I was afraid that kind of rhythm would make the school year last forever and that I wouldn’t have a significant enough summer break to recharge.

Who wants to do school all the time?? And school all the time is exactly what that approach sounded like. I opted for the “traditional” school schedule instead.

Practically speaking, what that meant was that we plowed through our weeks and plowed through our months and plowed through our years, desperately trying to get to that elusive “perfect” summer.

(And also, it meant desperately trying to squeeze in as much school as possible before that very interrupting excursion known as the missionary furlough.)

But what I’ve discovered (took me long enough, huh?) was that going without adequate breaks is just not good for us, even if those breaks, when they come, are adequately long.

One simply cannot push hard for 12 weeks straight (or more) without a break and not lose some small part of their mind.

I had avoided the six-weeks-on-one-week-off approach out of fear that I would feel like we were “doing school” all the time, yet ironically, what I felt in going the traditional route was that we were doing school all the time.

So even though I’d heard about the 6-on-1-off approach before my oldest was even in preschool, I rejected it out of hand.

And lived to suffer the consequences.

This year I hit a point when I realized enough was enough. I couldn’t take any more hustle. I couldn’t take any more hurry. I was done with the way we were doing things.

That’s part of the reason we’re extending our third term by half a year: to be able to get into a better rhythm and routine with school and ministry.
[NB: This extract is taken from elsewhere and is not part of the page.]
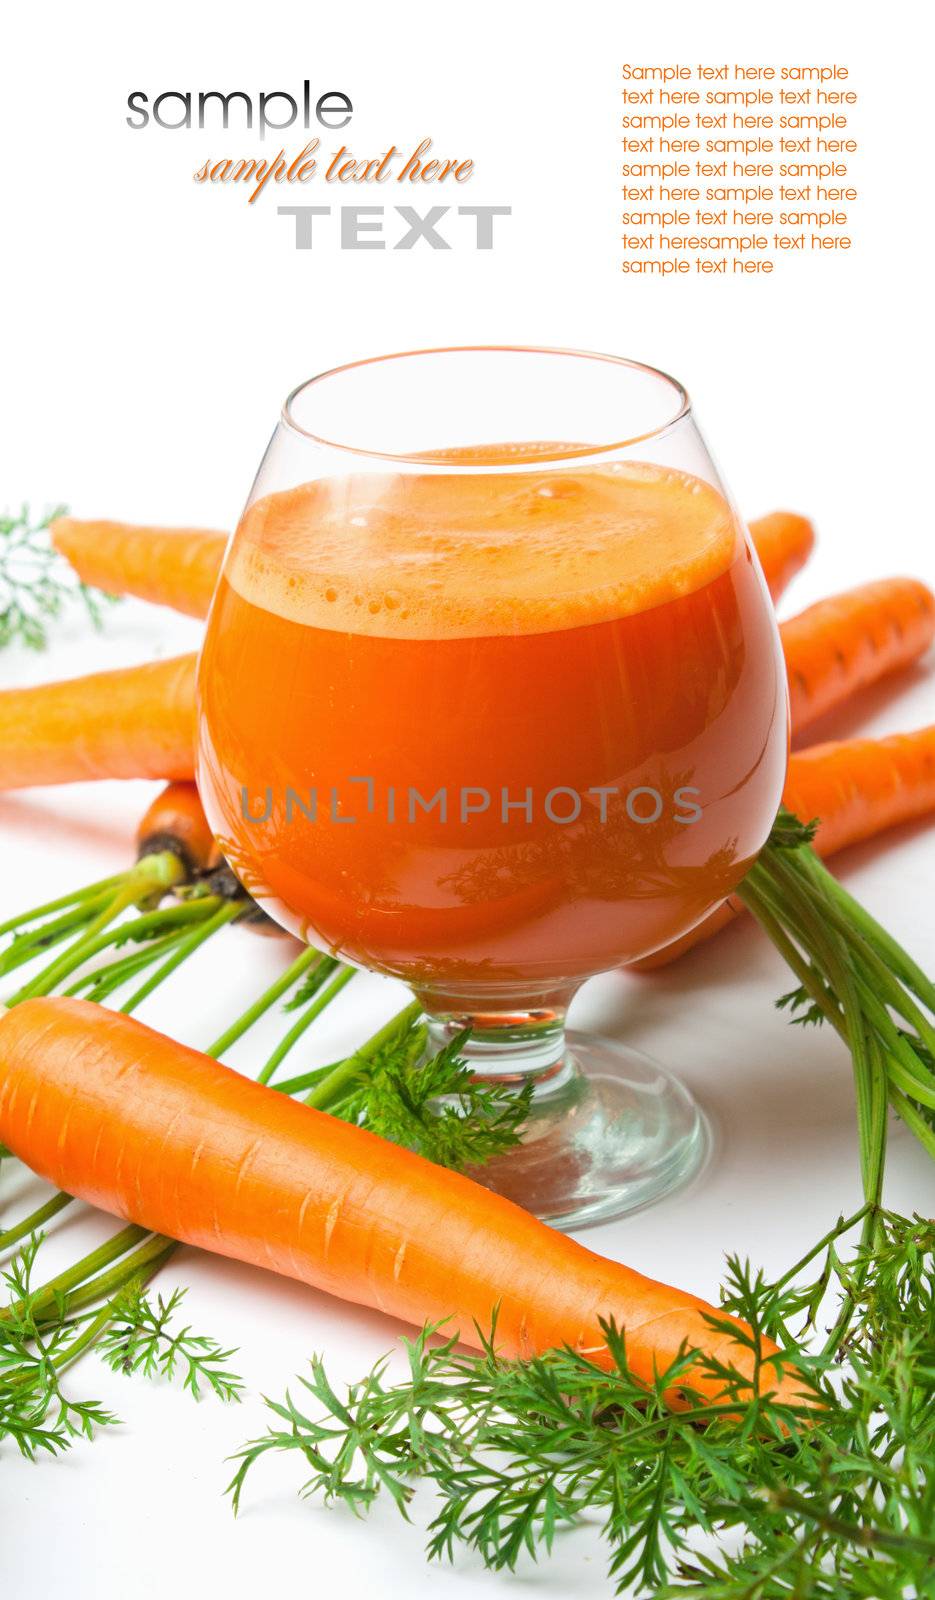 carrots and carrot juice by oleg_zhukov

(And also, because I was tired of feeling like my toes and fingers were freezing off in that blasted Missouri winter.)

Next school year, we’re doing things differently. We’ll take a pretty short summer break and start our next school year soon after finishing this school year.

But then we’ll take much more regular breaks throughout the school year, before heading back to the States for a few months – this time without school work.

(Why did it take me two entire home assignments to figure out that meaningful school work is just NOT going to get done while dragging a family of six across the United States?? What can I say, I’m a slow learner.)

The upside of all this? Many Cambodian and international holidays fall easily into a 6-week rotation (we have a lot of holidays here), meshing our schedule better with both father and friends.

Another upside? Getting to skip half of hot season next year.

I only wish I had listened to the experts earlier.

Some people call this approach Sabbath schooling, as it mimics the Biblical pattern of six days of work followed by one day of rest.

Others call it year-round schooling, since it stretches the school year out longer (though it doesn’t quite reach the level of studying the entire year).

Whatever you call it, I’m claiming it as my own.  I’m giving up my entrenched public school ways and adopting newer, more sustainable ways.

And if you, like me, are worn out and exhausted, maybe you need to, too.